Some experts, such as personal finance personality Dave Ramsey, suggest that “if you’re planning to buy a house in the near future, it’s okay to hold off on your retirement savings and put that money toward your down payment.” But, he also argues that it’s only okay to do so for a year or two.
Like many experts, though, he recommends not cashing out or borrowing from your 401(k) because it could incur taxes and hurt the compounding growth of your assets, which could cost you a lot in retirement.
Buying a home and saving for retirement are not incompatible goals. If your home is paid off, this will likely lead to much lower housing costs in retirement and allow you to stretch your retirement income further. Plus, with home prices appreciating as they have in recent years, homeowners’ equity has been rising as well.
In retirement, you may be able to take advantage of your home equity by downsizing, selling and moving to a more affordable market, taking a home equity loan or entering a home equity agreement, where you receive a lump-sum payment from an investor in exchange for a share in your home’s future value.

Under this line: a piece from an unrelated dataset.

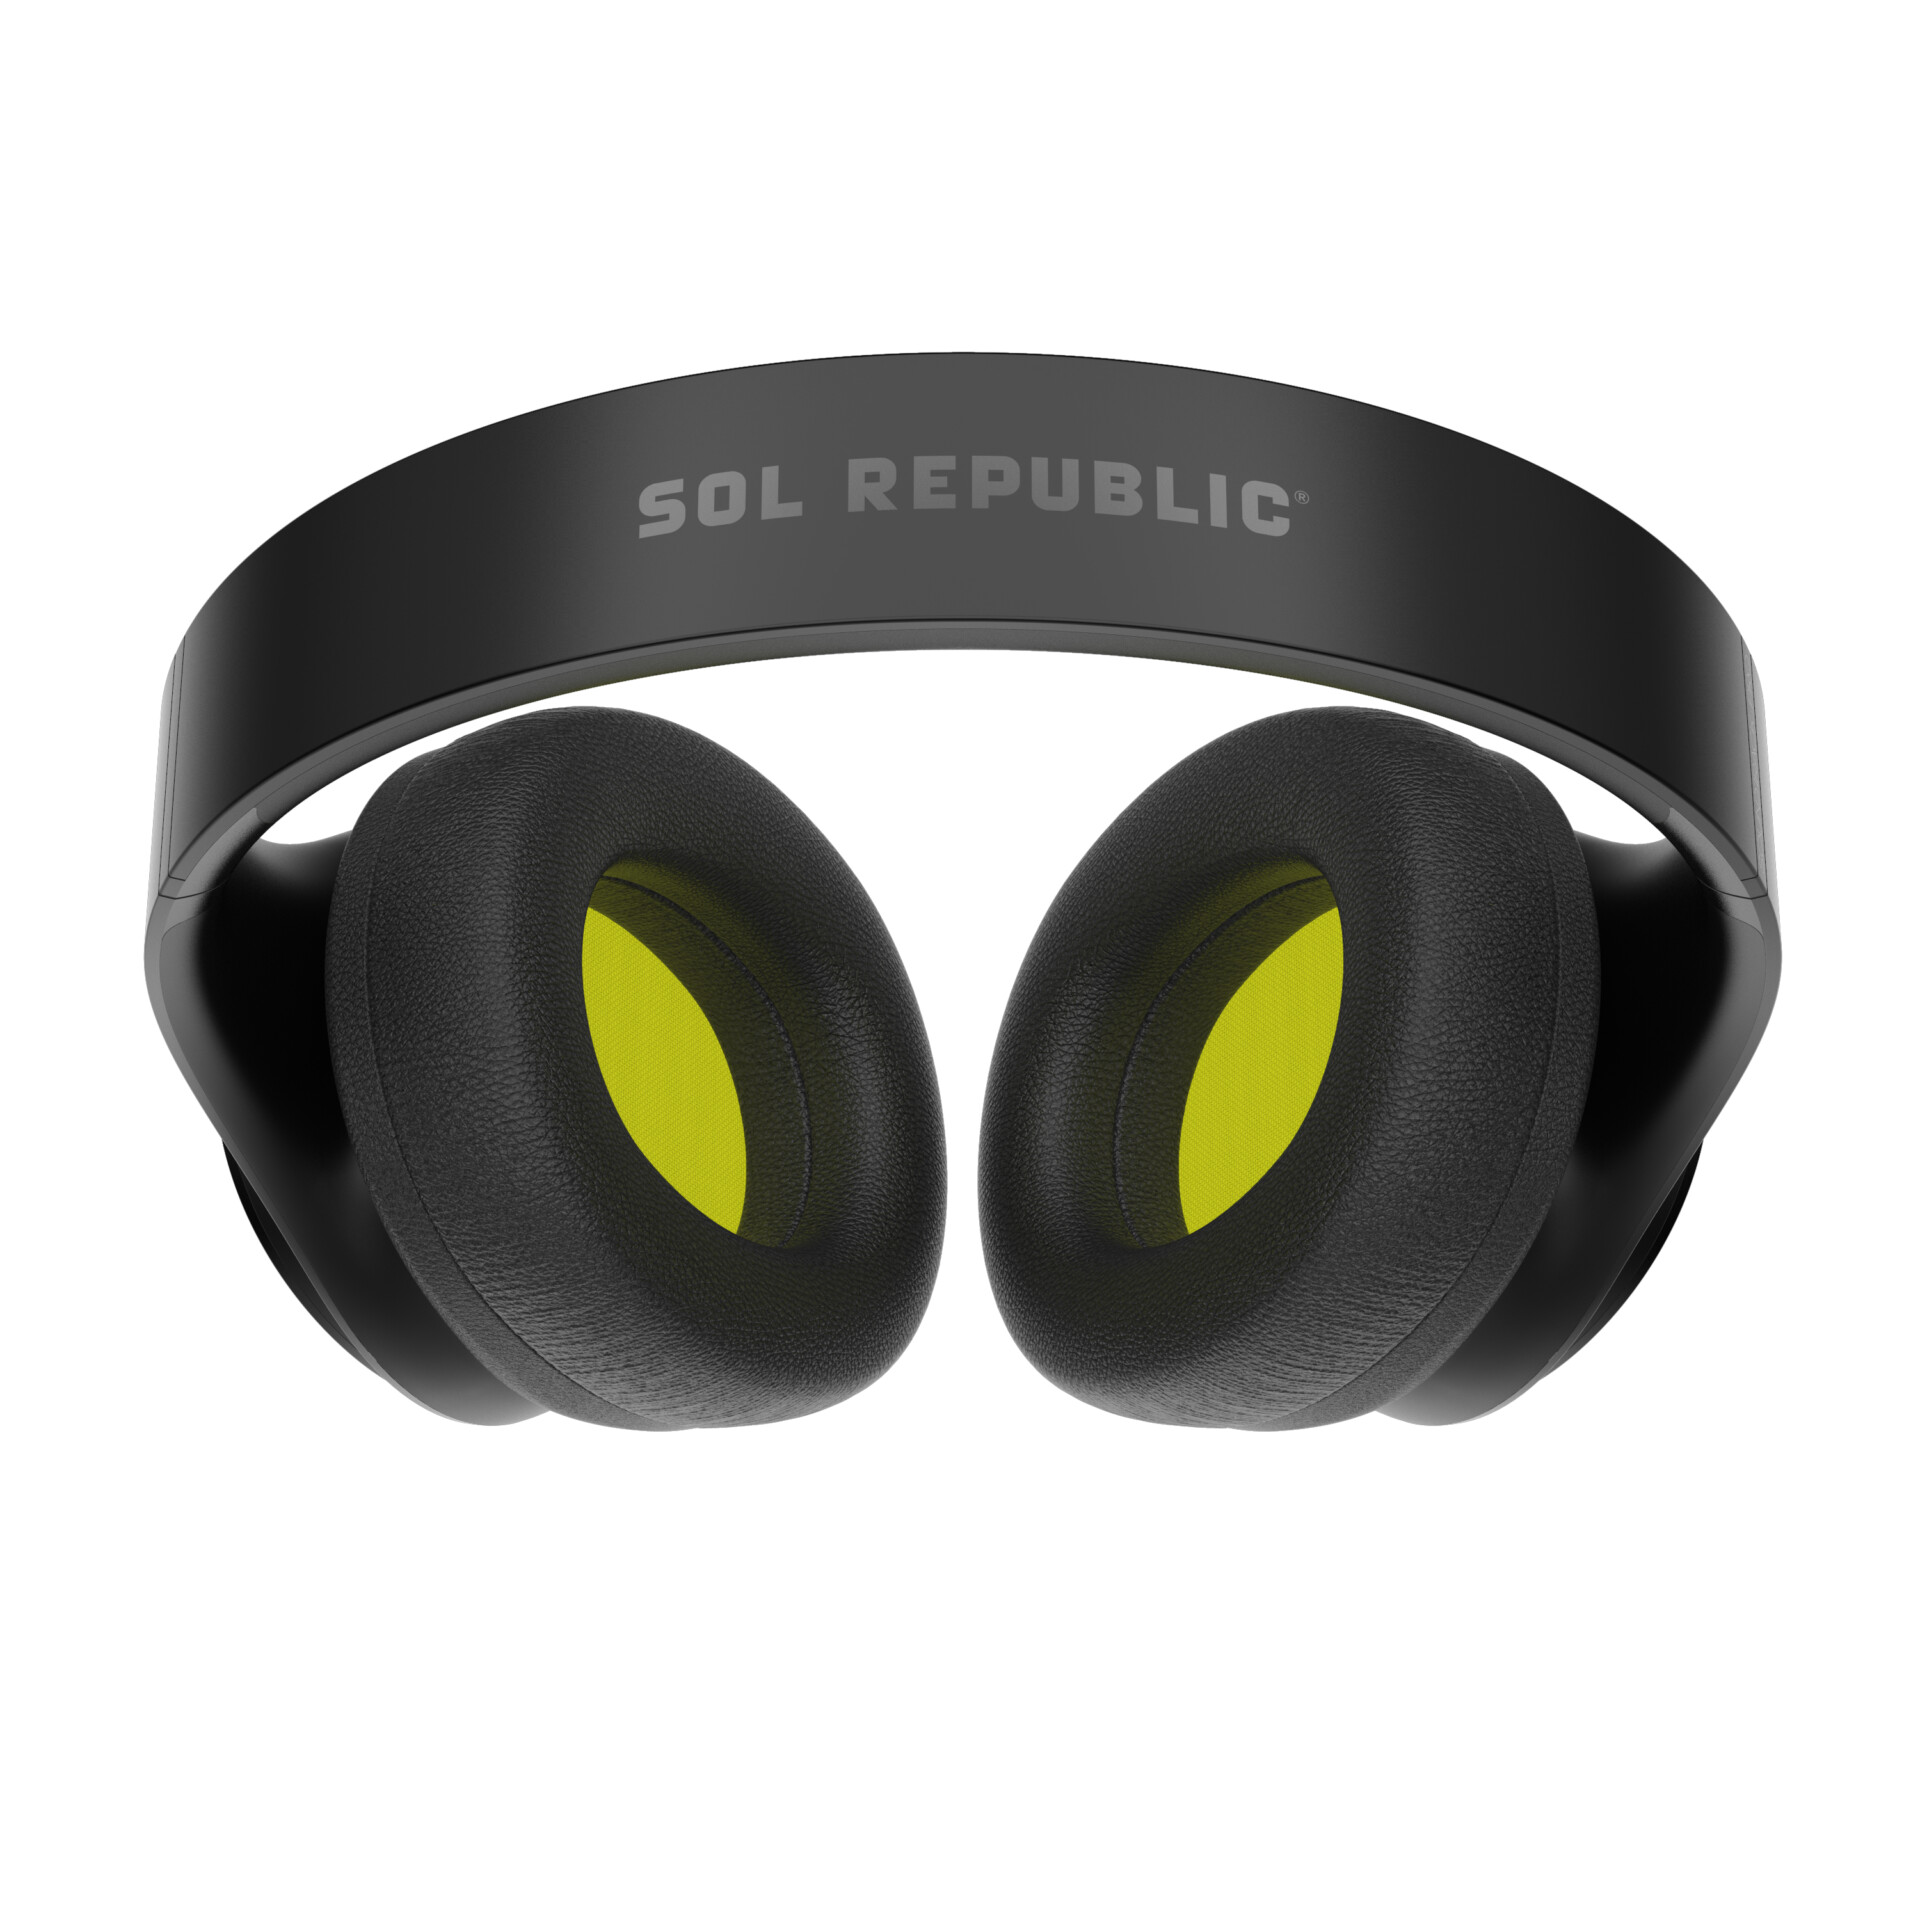 Sol Republic Soundtrack Pro headphones top-down image on white background.

Ideally, you’ll be able to save for a down payment and keep your 401(k) contributions at a level that maximizes the matching by your employer so you can grow your nest egg at an optimal rate.
To do this, Cindy and Jack may want to consider measures like buying a house in a less expensive market, taking on a side hustle to bring in some extra money and perhaps cutting back on discretionary expenses such as entertainment or vacations.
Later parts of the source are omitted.